• _What is being asked_:
Extract the lines beginning at the one that holds "Riyo Bewitching Gems" and ending at the final line of the material below, keeping them exact and leaving out all pictures.

─── Material provided

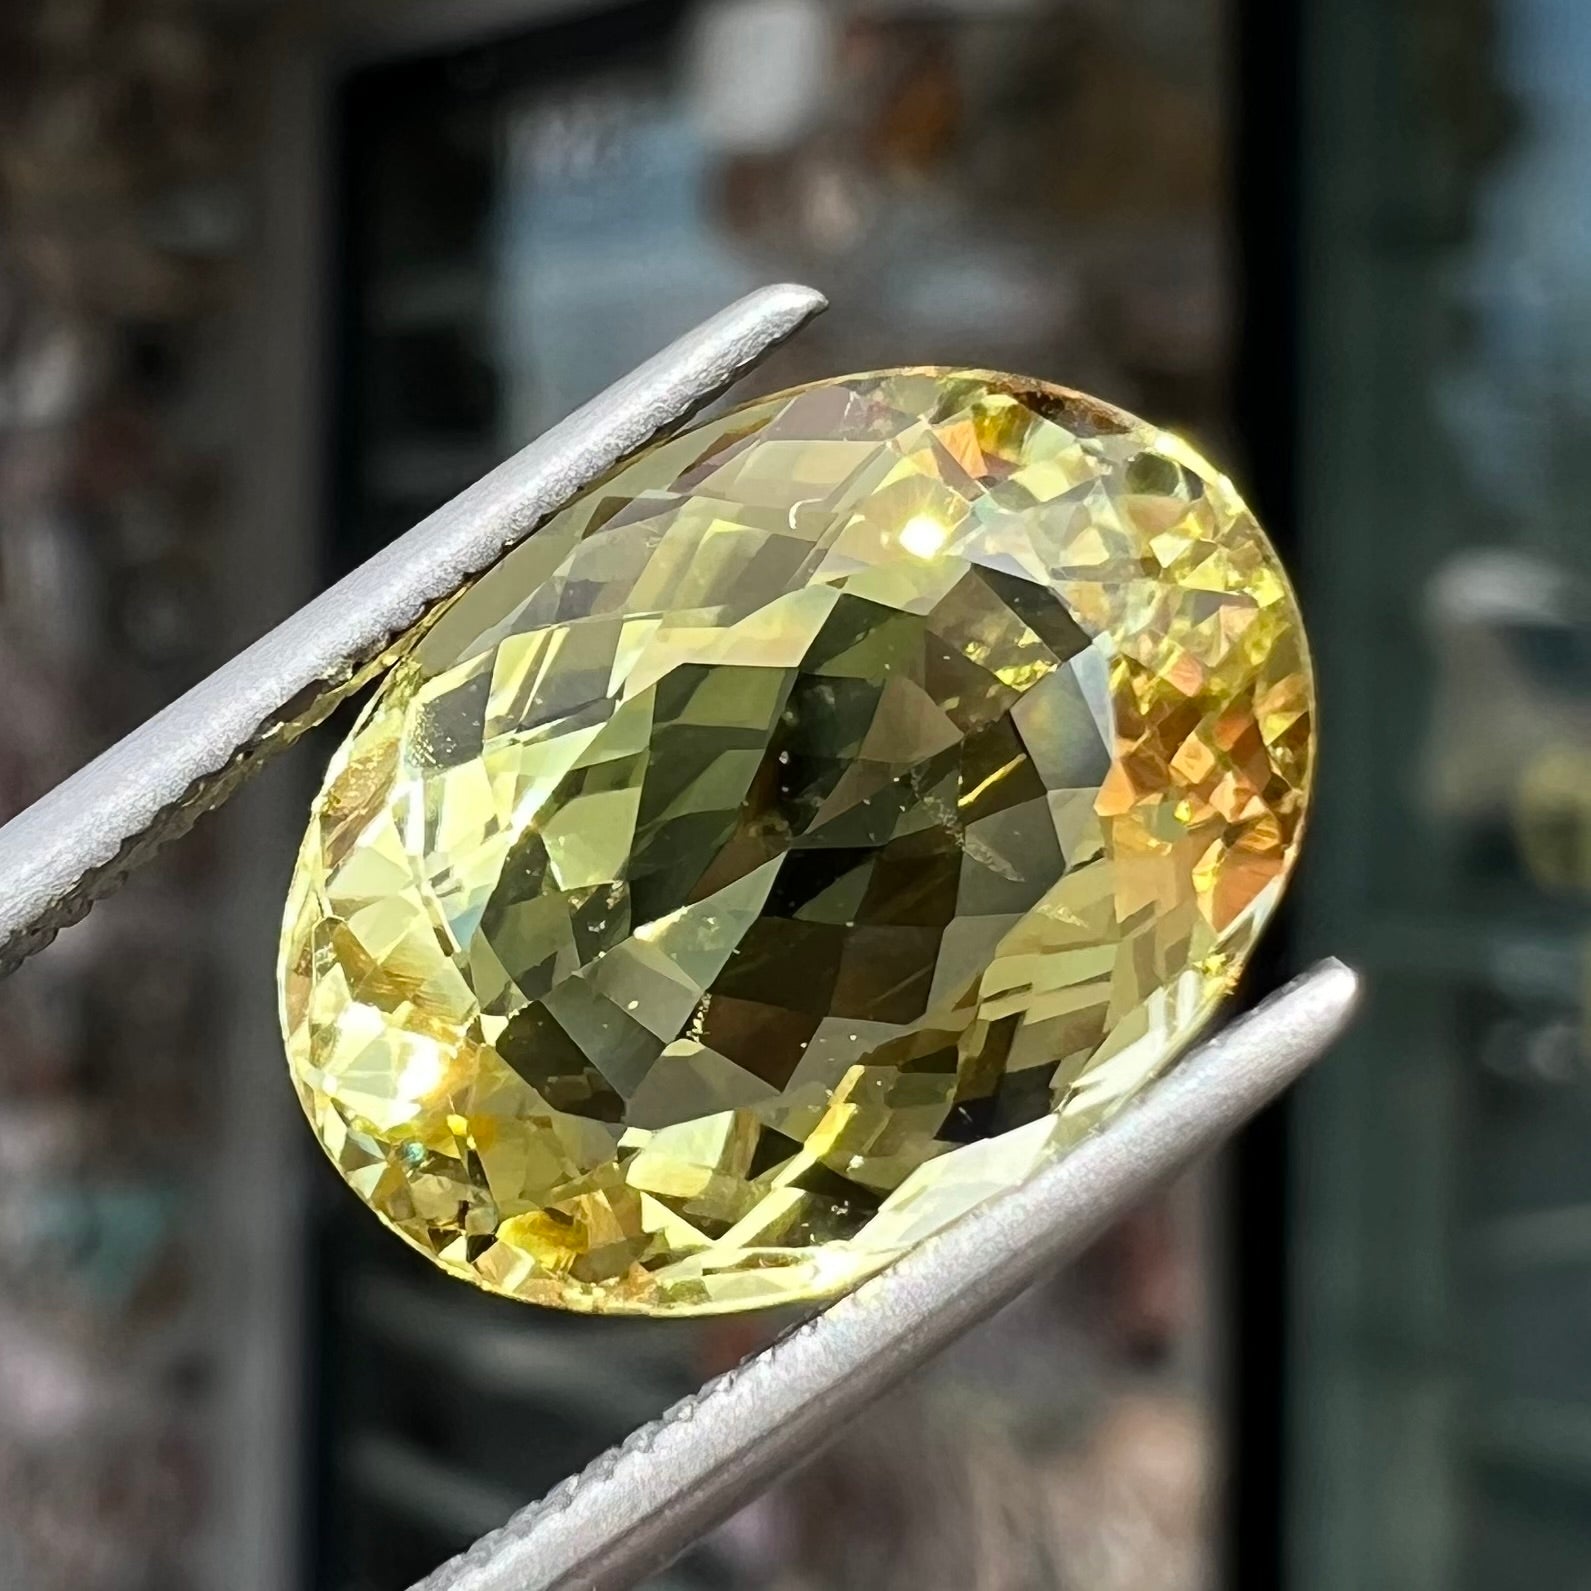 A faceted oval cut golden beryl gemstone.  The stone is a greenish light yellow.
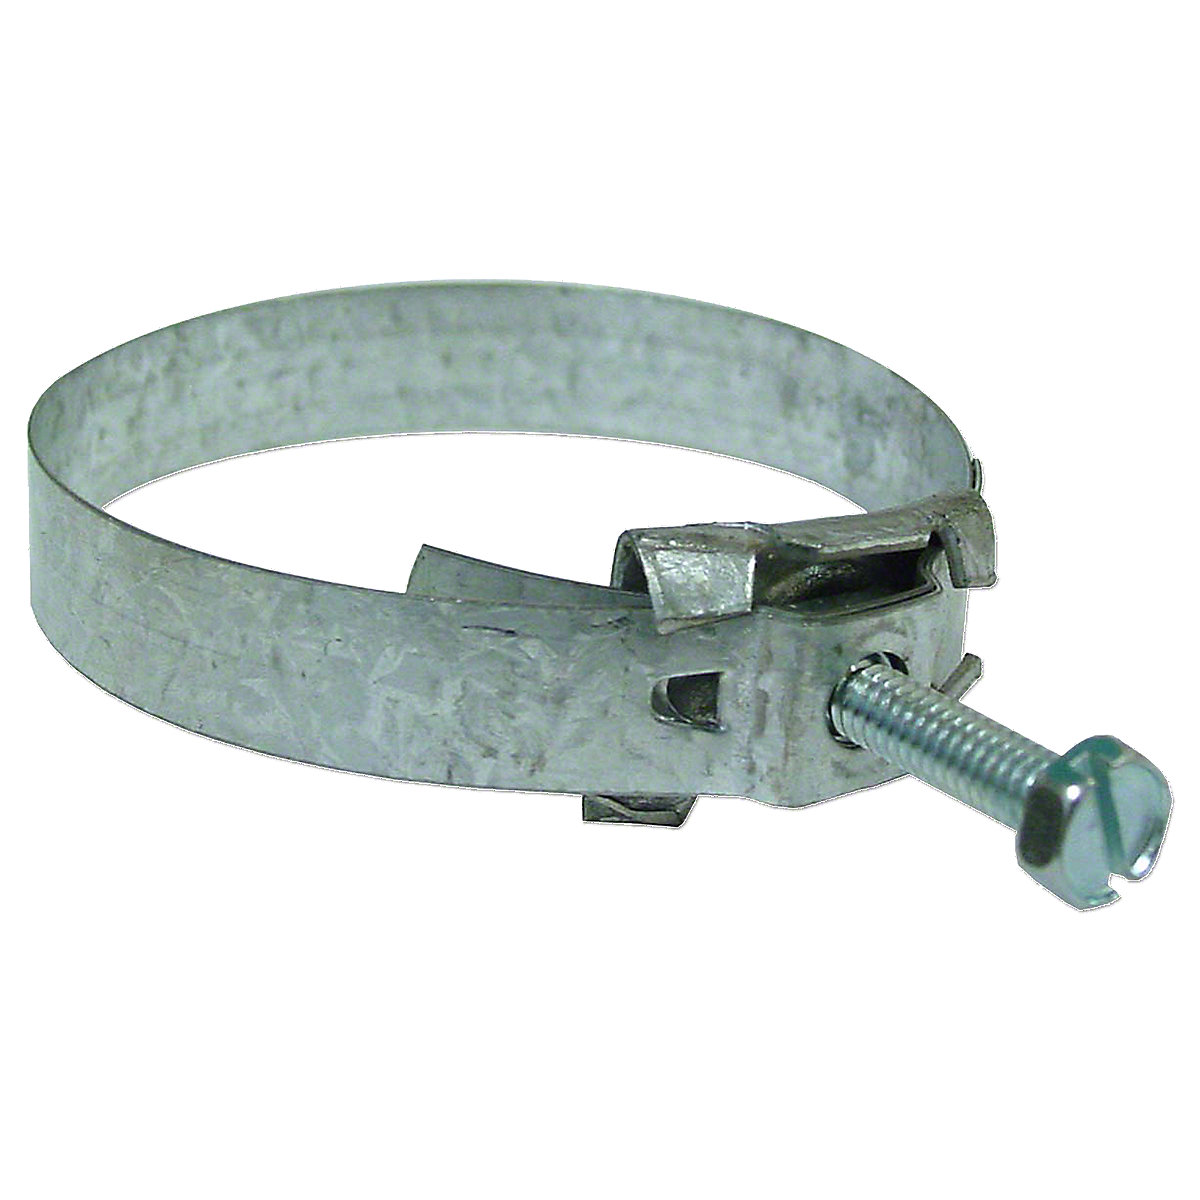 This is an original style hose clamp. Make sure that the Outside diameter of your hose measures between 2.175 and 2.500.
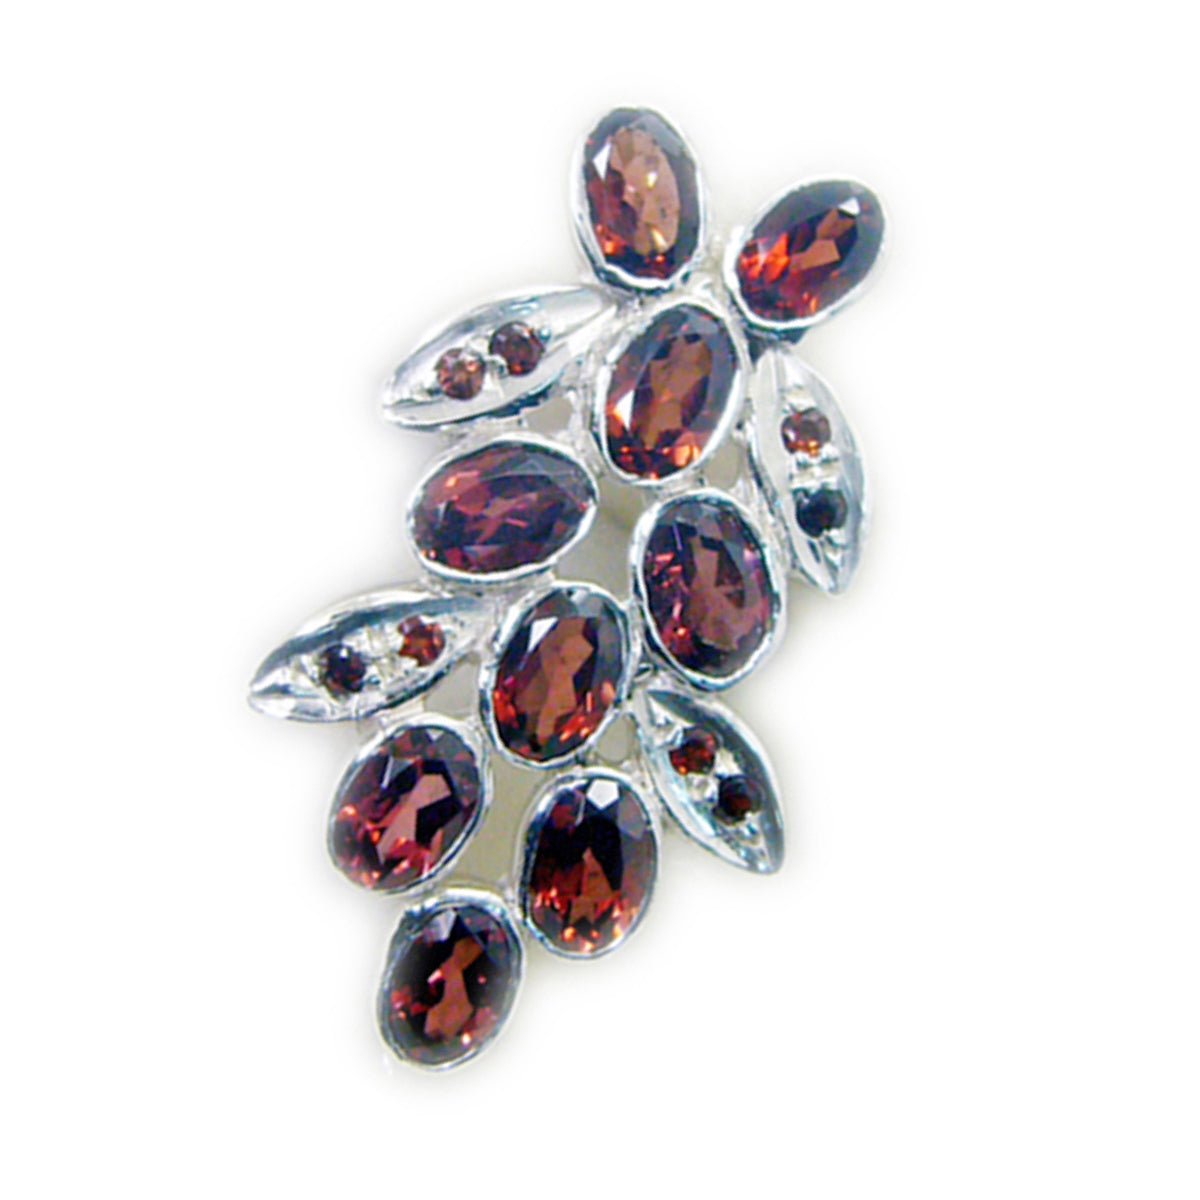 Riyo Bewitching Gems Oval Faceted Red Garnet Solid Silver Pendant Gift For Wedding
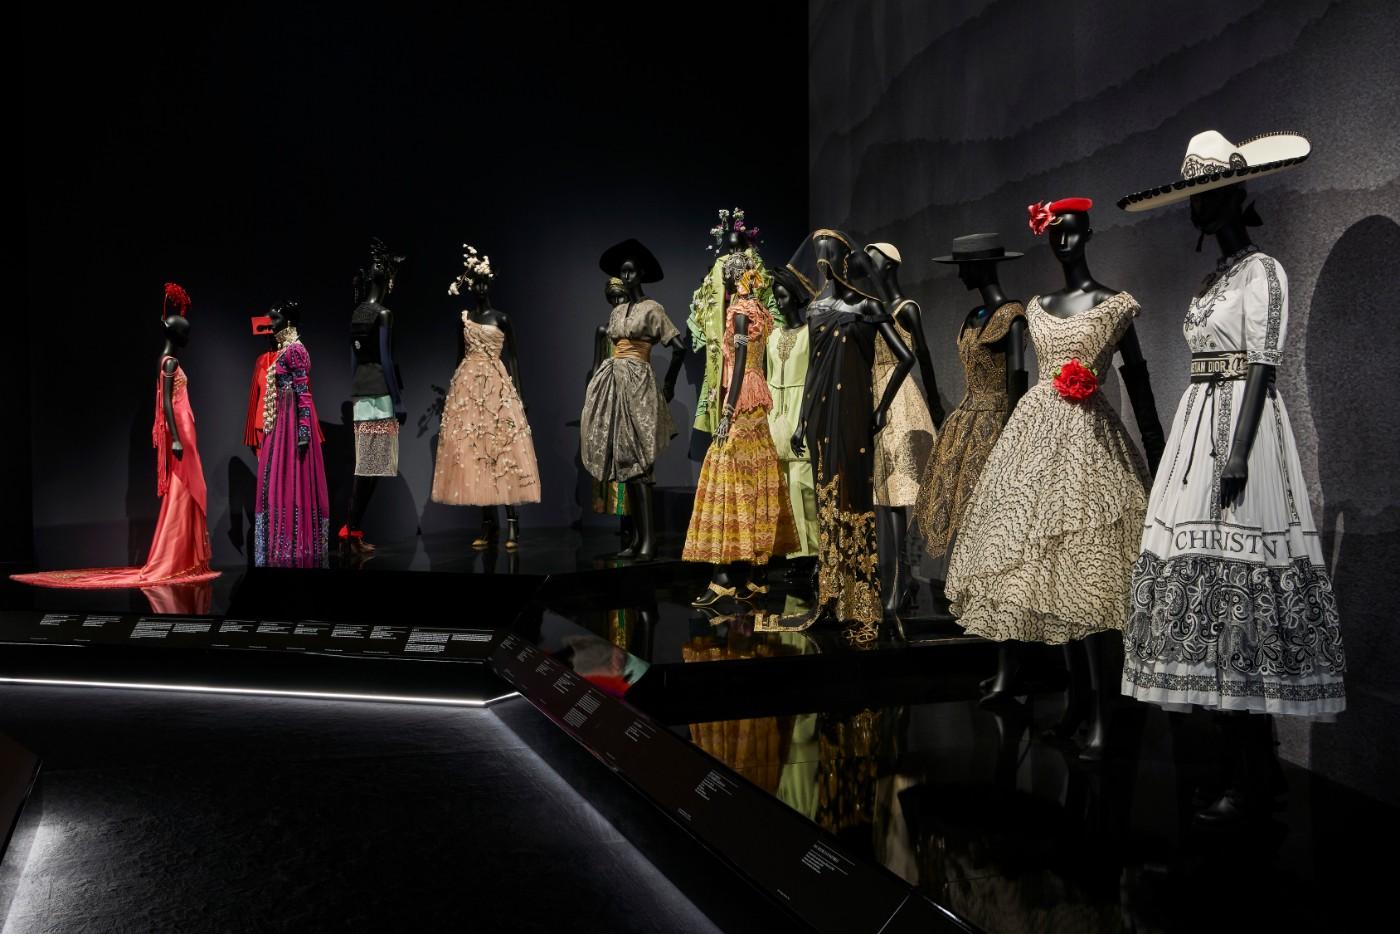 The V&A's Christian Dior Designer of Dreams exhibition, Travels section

──────

• _Answer space_:
 Riyo Bewitching Gems Oval Faceted Red Garnet Solid Silver Pendant Gift For Wedding
 The V&A's Christian Dior Designer of Dreams exhibition, Travels section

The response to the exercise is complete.